Usage: drprg build [OPTIONS] --gff <FILE> --panel <FILE> --fasta <FILE>

Options:
  -p, --pandora <FILE>
          Path to pandora executable. Will try in src/ext or $PATH if not given

  -v, --verbose
          Use verbose output

  -m, --makeprg <FILE>
          Path to make_prg executable. Will try in src/ext or $PATH if not given

  -t, --threads <INT>
          Maximum number of threads to use

          Use 0 to select the number automatically

          [default: 1]

  -M, --mafft <FILE>
          Path to MAFFT executable. Will try in src/ext or $PATH if not given

  -B, --bcftools <FILE>
          Path to bcftools executable.

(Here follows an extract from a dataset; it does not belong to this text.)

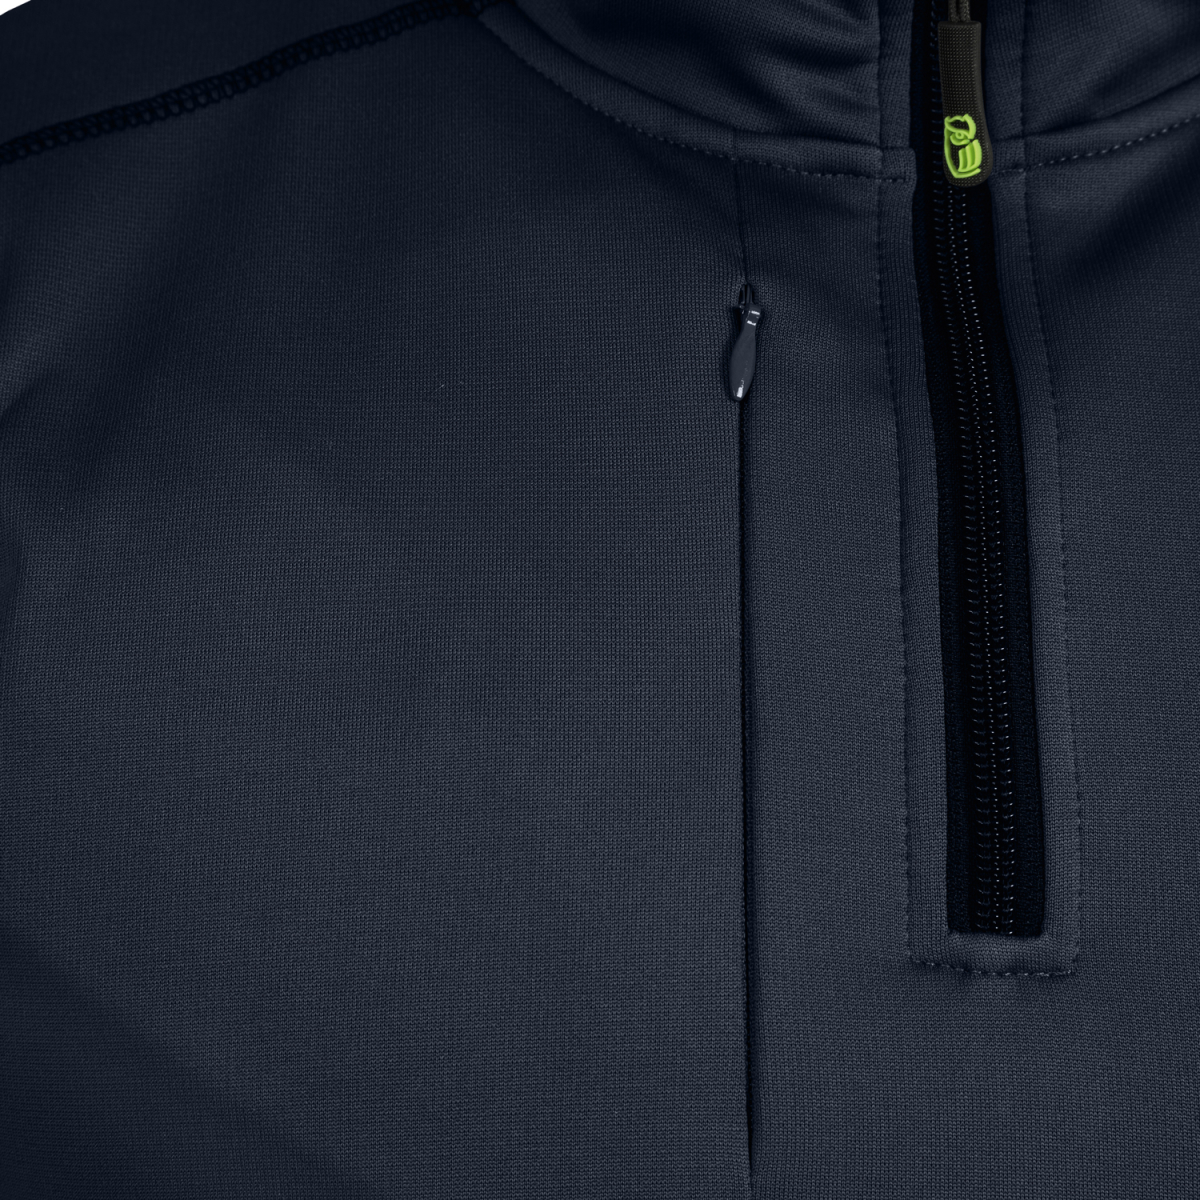 Leib Wächter Flex-Line Funktions-Shirt 1/4 ZIP Sweatshirt grau-schwarz Gr.S-5XL 
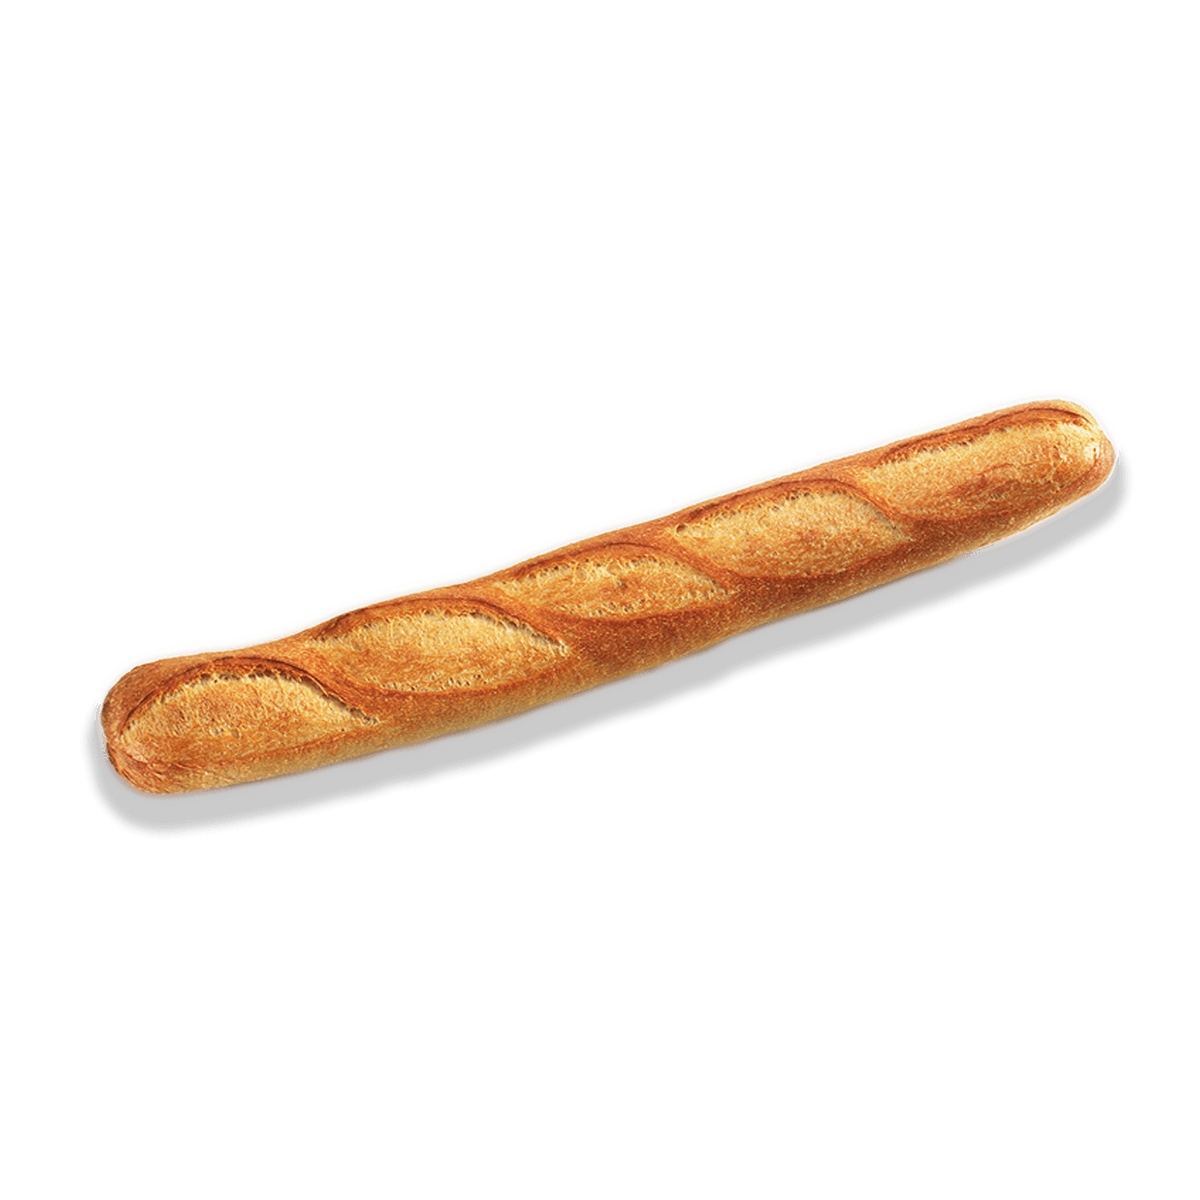 golden baguette bread on the side

Will try in src/ext or $PATH if not given

  -P, --padding <INT>
          Number of bases of padding to add to start and end of each gene

          [default: 100]

  -l, --match-len <INT>
          Minimum number of consecutive characters which must be identical for a match in make_prg

          [default: 5]

  -N, --max-nesting <INT>
          Maximum nesting level when constructing the reference graph with make_prg

          [default: 5]

  -k, --pandora-k <INT>
          Kmer size to use for pandora

          [default: 15]

  -w, --pandora-w <INT>
          Window size to use for pandora

          [default: 11]

  -I, --no-fai
          Don't index --fasta if an index doesn't exist

  -C, --no-csi
          Don't index --vcf if an index doesn't exist

      --version <VERSION>
          Version to use for the index

          [default: 20230405]

  -h, --help
          Print help (see a summary with '-h')

Input/Output:
  -a, --gff <FILE>
          Annotation file that will be used to gather information about genes in catalogue

  -i, --panel <FILE>
          Panel/catalogue to build index for

  -f, --fasta <FILE>
          Reference genome in FASTA format (must be indexed with samtools faidx)

  -b, --vcf <FILE>
          An indexed VCF to build the index PRG from. If not provided, then a prebuilt PRG must be given. See `--prebuilt-prg`

  -o, --outdir <DIR>
          Directory to place output

          [default: .]

  -d, --prebuilt-prg <DIR>
          A prebuilt PRG to use.

          Only build the panel VCF and reference sequences - not the PRG. This directory MUST contain a PRG file named `dr.prg`, along, with a directory called `msas/` that contains an MSA fasta file for each gene `<gene>.fa`. There can optionally also be a pandora index file, but if not, the indexing will be performed by drprg. Note: the PRG is expected to contain the reference sequence for each gene according to the annotation and reference genome given (along with padding) and must be in the forward strand orientation.

  -r, --rules <FILE>
          "Expert rules" to be applied in addition to the catalogue.

          CSV file with blanket rules that describe resistance (or susceptibility). The columns are <variant type>,<gene>,<start>,<end>,<drug(s)>. See the docs for a detailed explanation.